Castle of Matrera (Castillo de Matrera or Torre Matrera) is a medieval castle at Villamartín near Prado del Rey in Spain dating back to the 9th century. It was declared a national monument in 1949 and an example of Bien de Interés Cultural ("Heritage of Cultural Interest") in 1985. The structure underwent a controversial restoration in 2015.

== History ==
It was built in the ninth century by Umar ibn Hafsun to defend Iptuci, the most advanced city of the Cora de Ronda. However, Mount Pajarete was a place of human settlement since Antiquity.

In the 13th century, it was conquered by Ferdinand III, who rebuilt it. Nevertheless, at the beginning of the XIV century, it returned to Muslim hands before being definitively reconquered by Alfonso XI in 1341. However, being located in the middle of the Moorish Border, it was besieged by the Muslims of Granada in 1408 and in 1445.

== Renovation ==
By 2010, only a few walls of the castle remained standing, and the ruins were further damaged by rain in 2013. A restoration project was launched in 2010, led by the architect Carlos Quevado, and completed in 2015. Parts of the tower were rebuilt with lime plaster similar to samples found on the site, with large, plain blocks defining the original shape of the castle. Quevado described his aim as being not only to protect the ruin, but to "recover the volume, texture, and tonality that the tower would originally have had", and to differentiate new additions from the original structure.

The renovation received negative reactions from some locals, with Spain's cultural heritage organization Hispania Nostra calling the project "absolutely terrible". It was praised by the architectural community, and was nominated for the 2016 Architizer A+ Award, in the Architecture Preservation category, winning the public choice vote.
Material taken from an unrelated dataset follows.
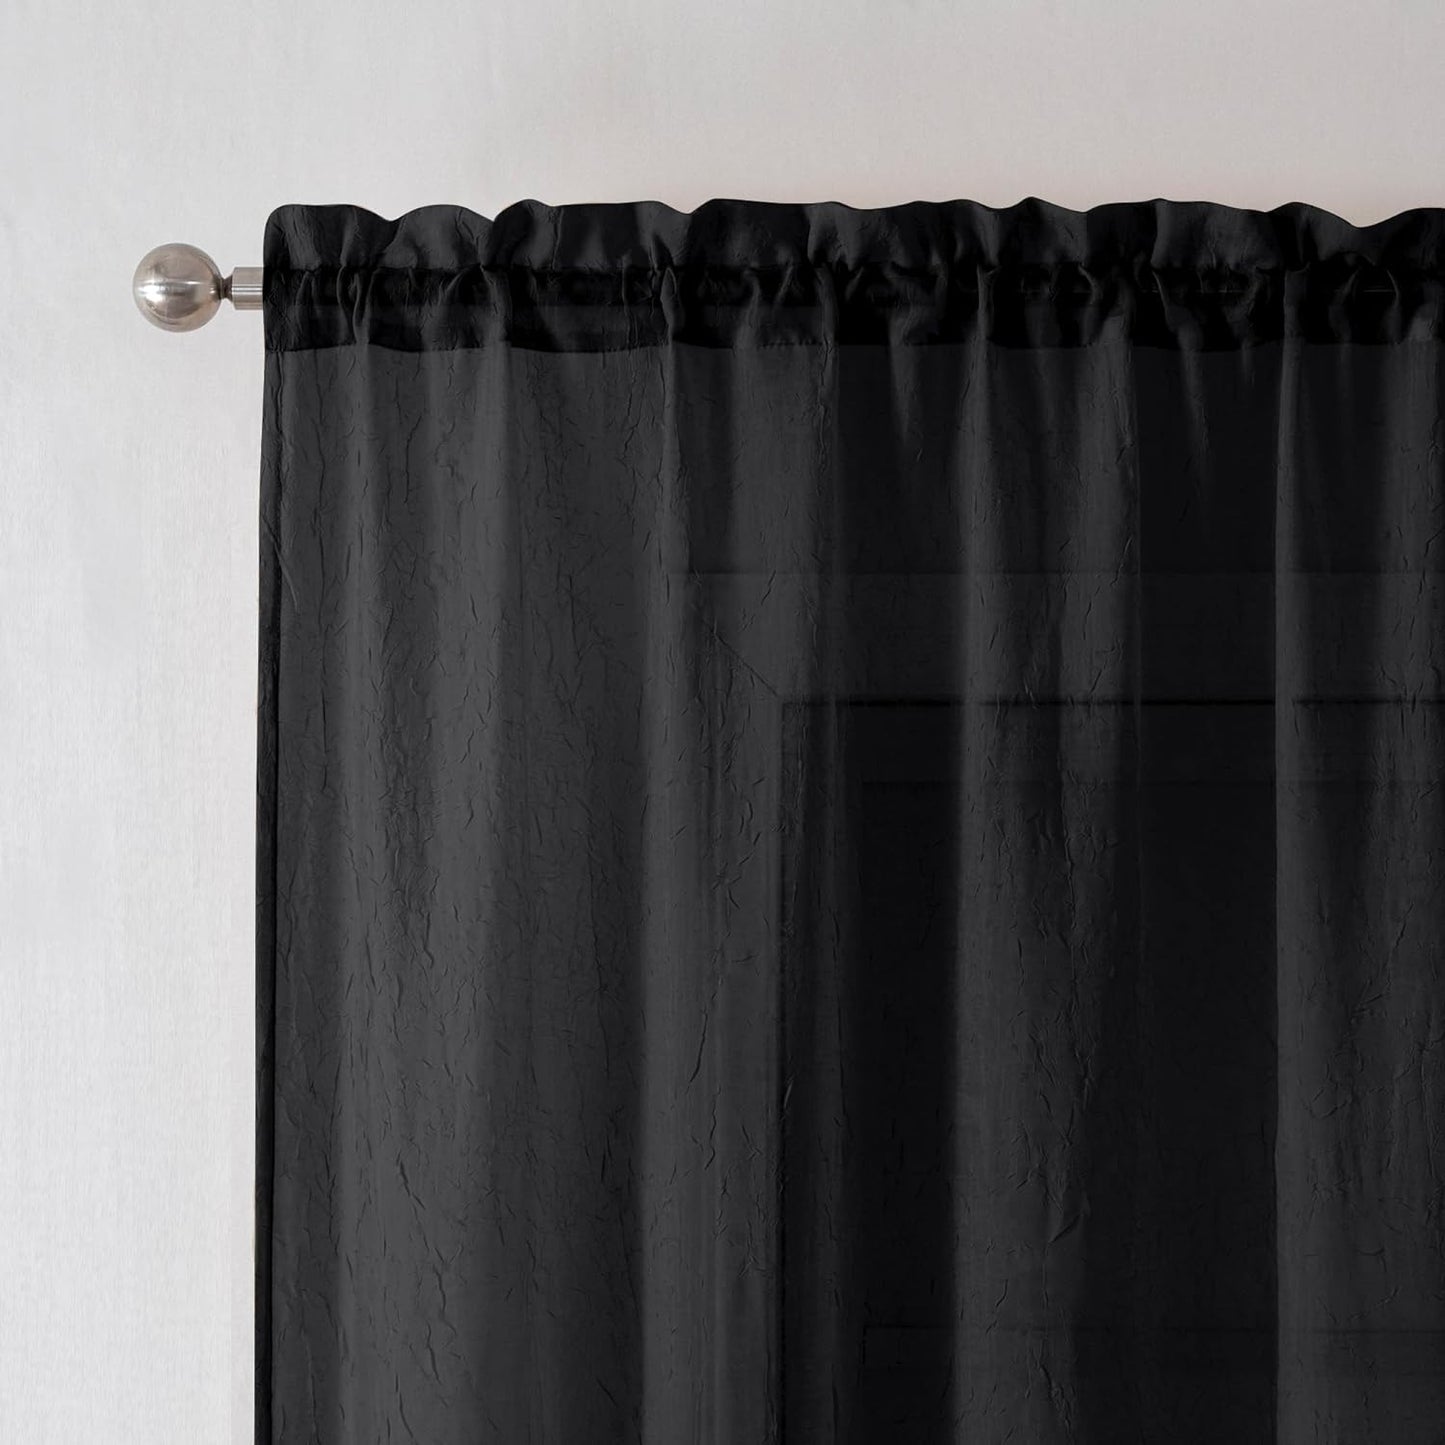 Chyhomenyc Crushed White Sheer Valances for Window 14 Inch Length 2 PCS, Crinkle Voile Short Kitchen Curtains with Dual Rod Pockets，Gauzy Bedroom Curtain Valance，Each 42Wx14L Inches  Chyhomenyc Black 42 W X 84 L

The Guardian described the design as neo-brutalist, and praised it for restoring "the clout its Moorish creators originally intended".

== Conservation ==
In 2013, a large part of the tower collapsed due to the scarce work of repairing the structural problems detected decades ago.

The subsequent work of preservation in 2016 with the authorization of the Junta de Andalucía was very controversial, receiving both criticism and a nomination to the New York A + Architizer awards, which ultimately ended up winning in the "Preservation" category.